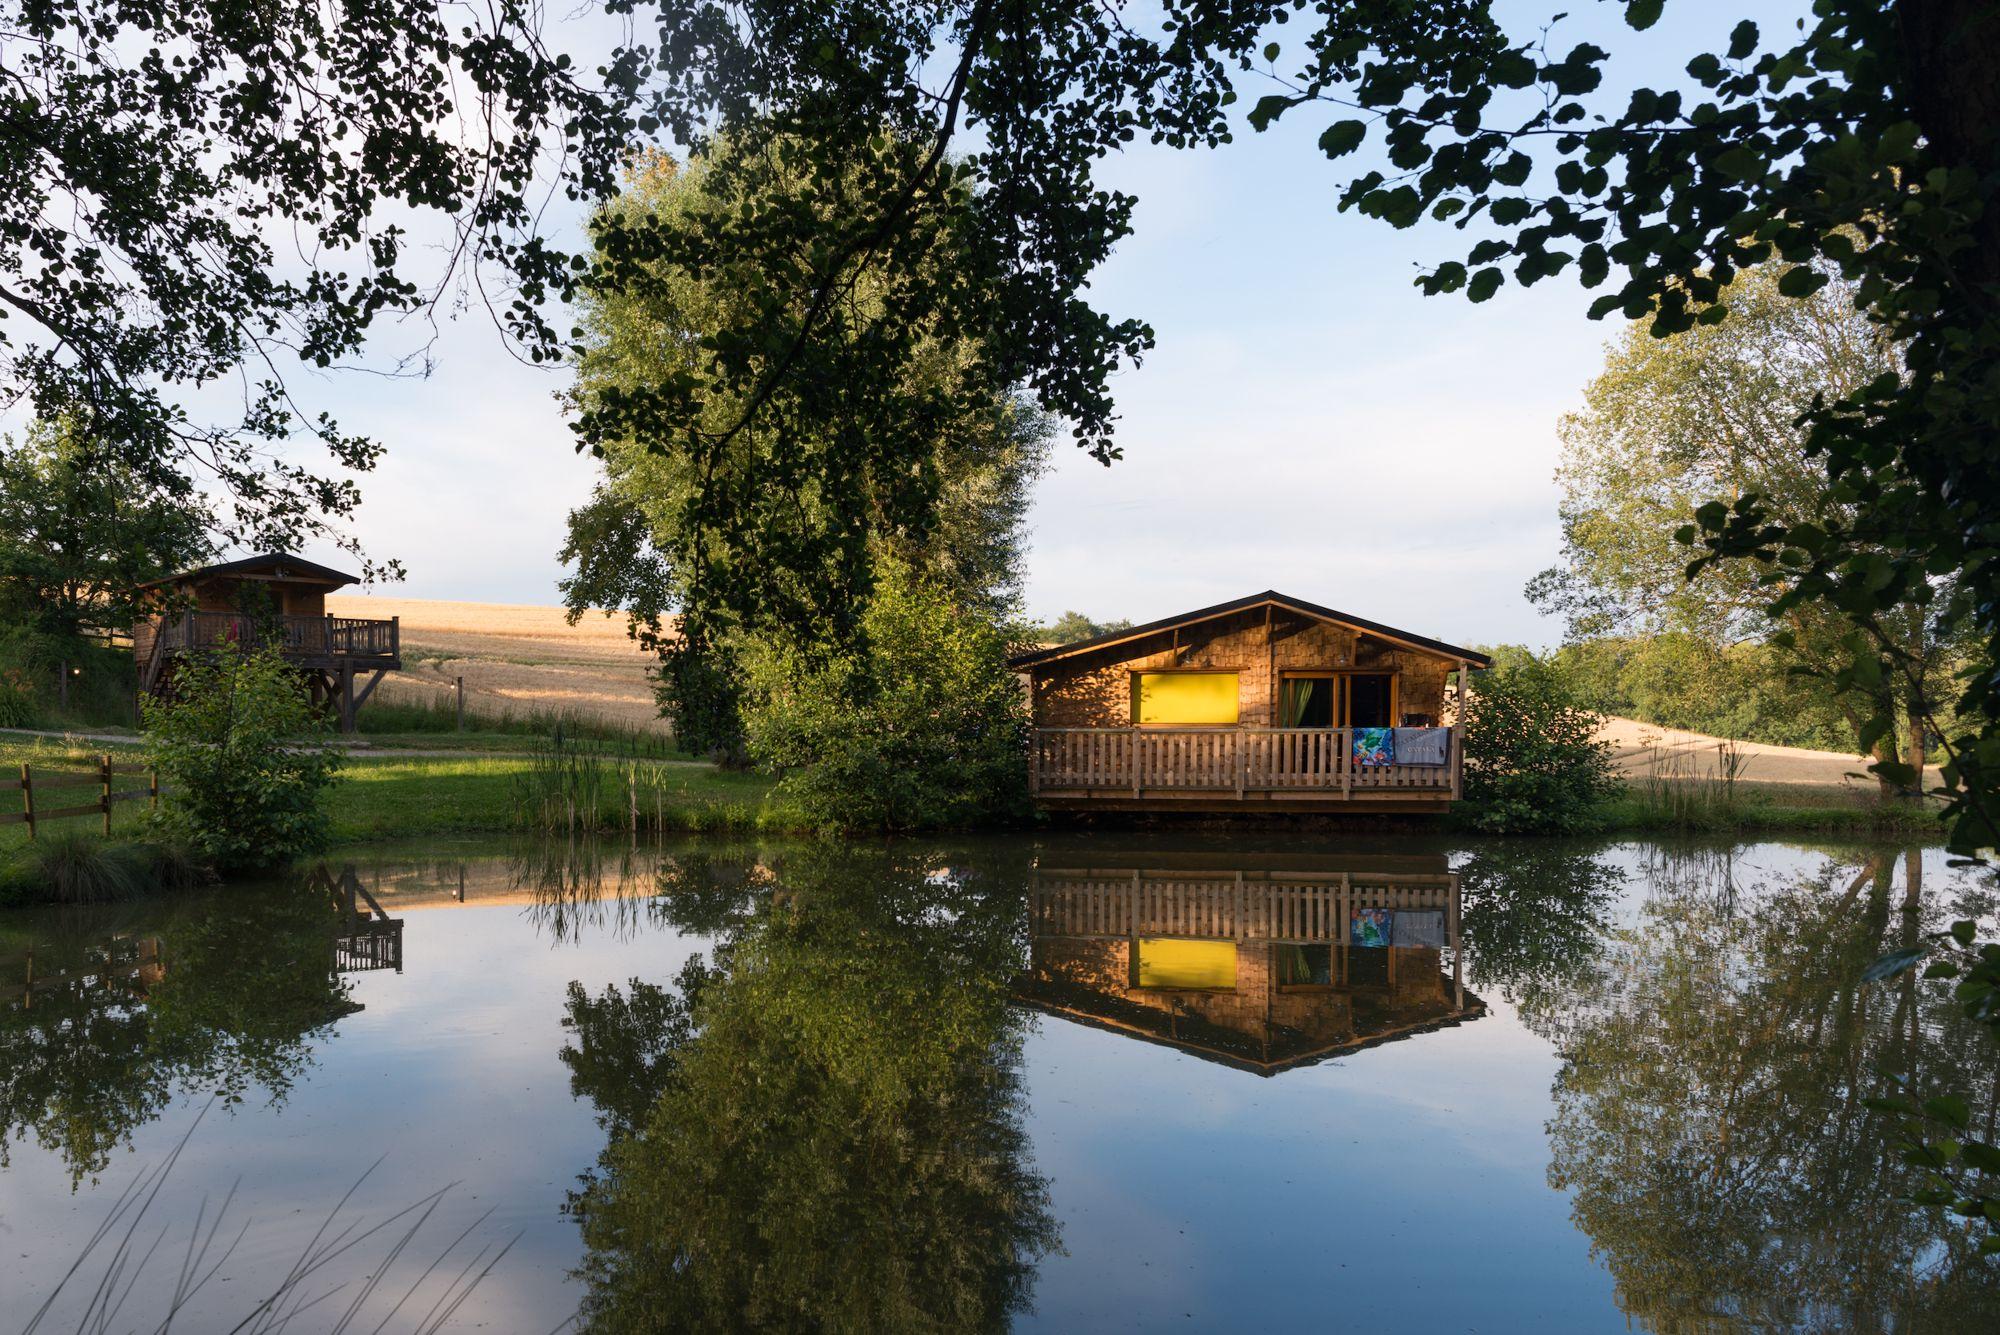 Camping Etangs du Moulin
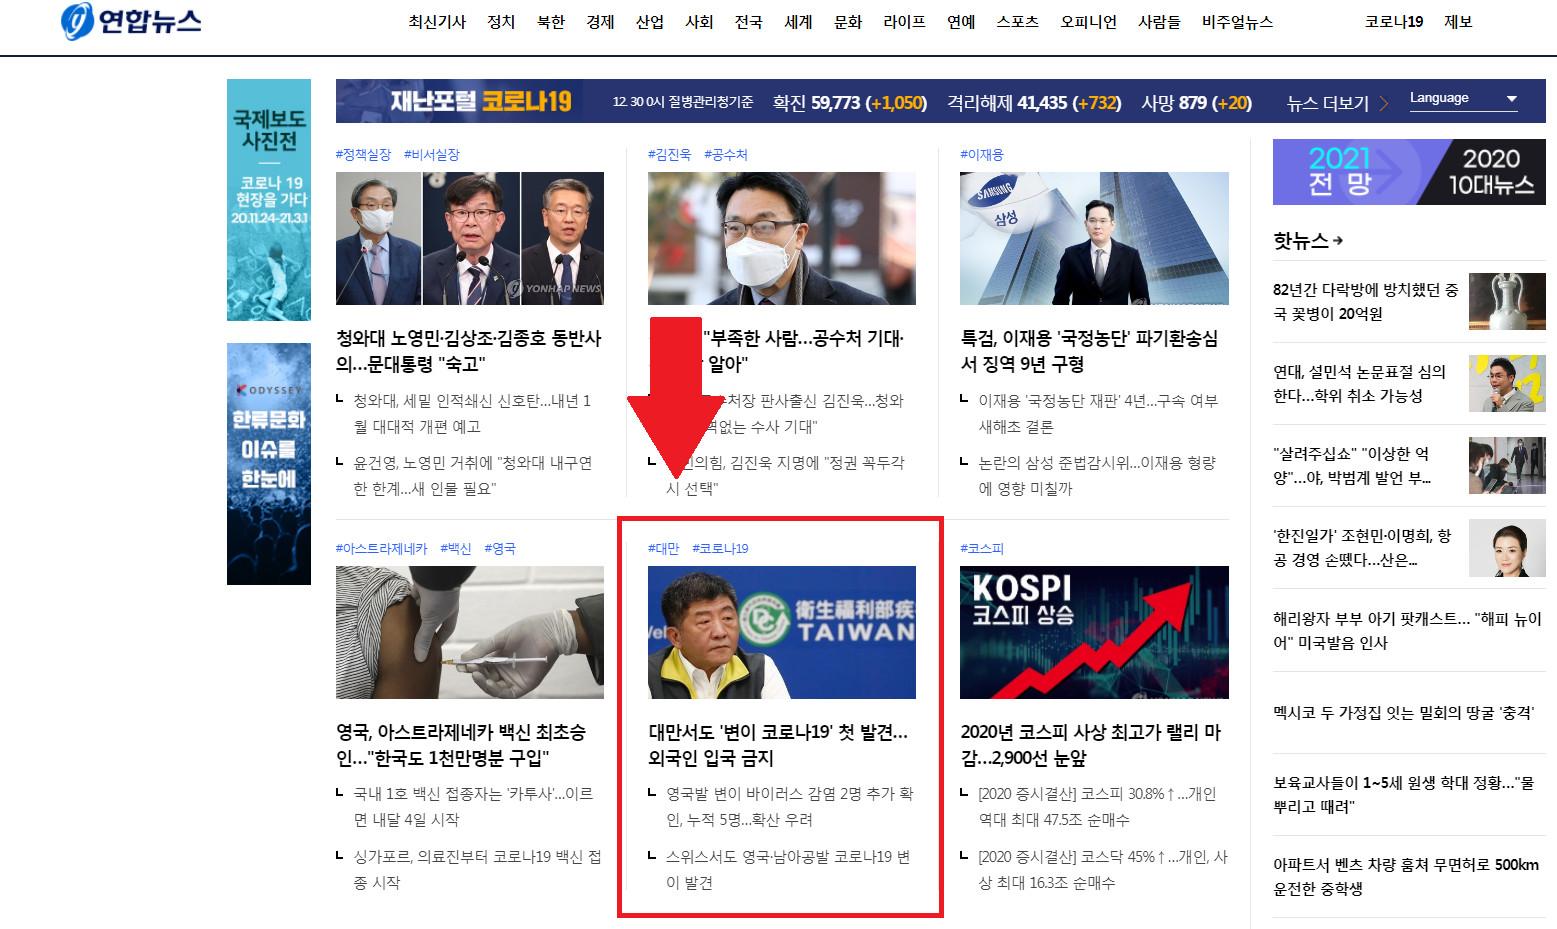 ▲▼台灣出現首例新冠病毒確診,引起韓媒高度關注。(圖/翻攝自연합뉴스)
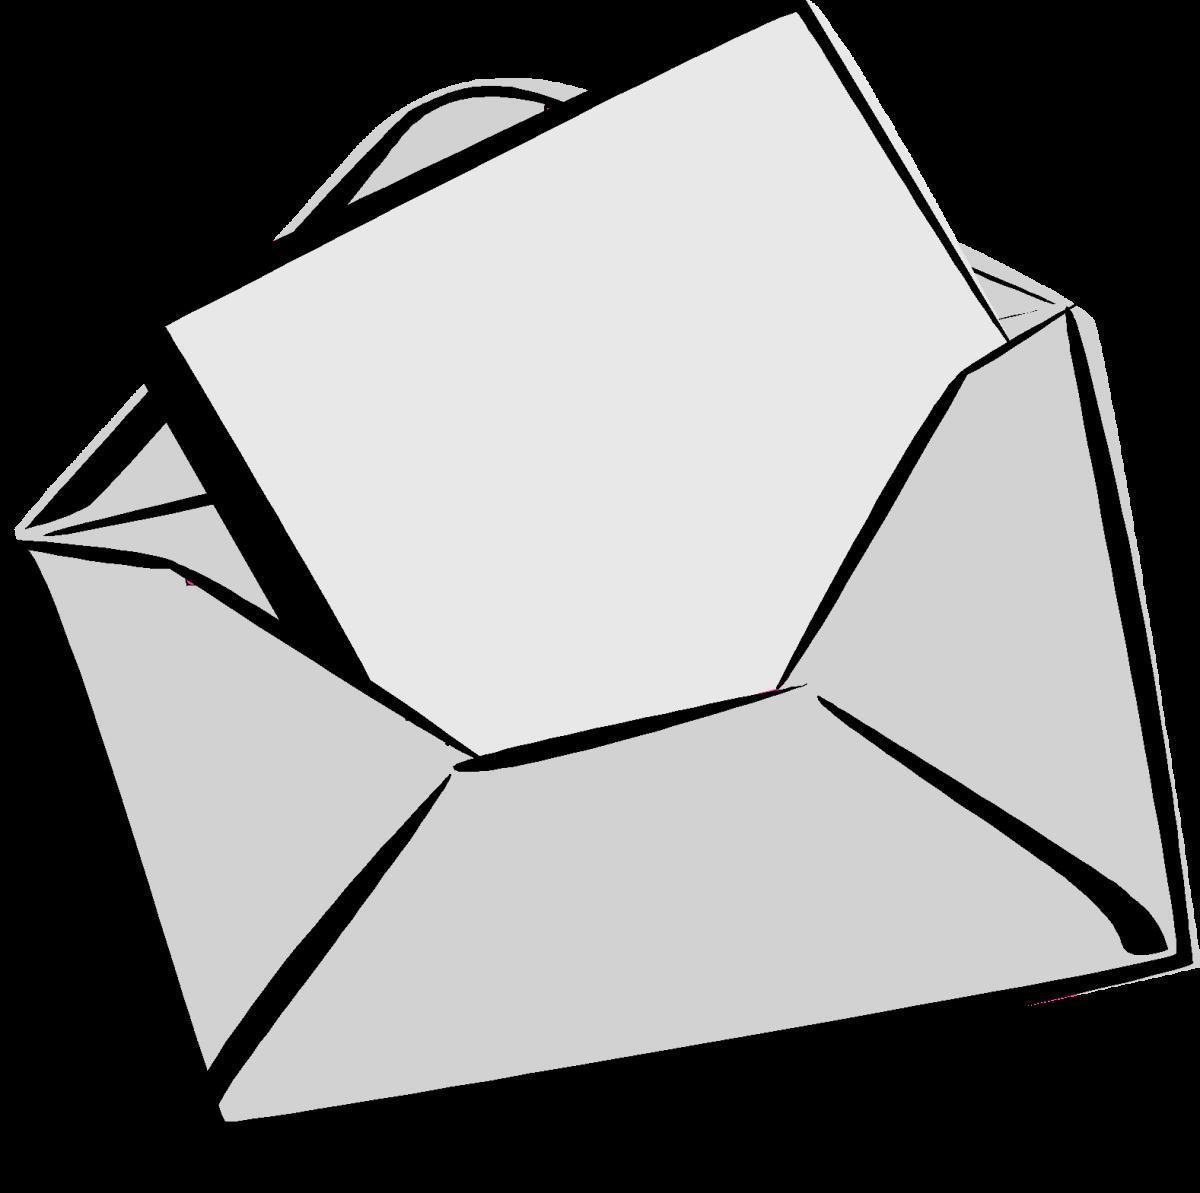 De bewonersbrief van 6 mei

§ **Work to complete**
Pictures aside, reproduce all of the material above without alteration.

§ **Exercise output**
 Camping Etangs du Moulin
 ▲▼台灣出現首例新冠病毒確診,引起韓媒高度關注。(圖/翻攝自연합뉴스)
 De bewonersbrief van 6 mei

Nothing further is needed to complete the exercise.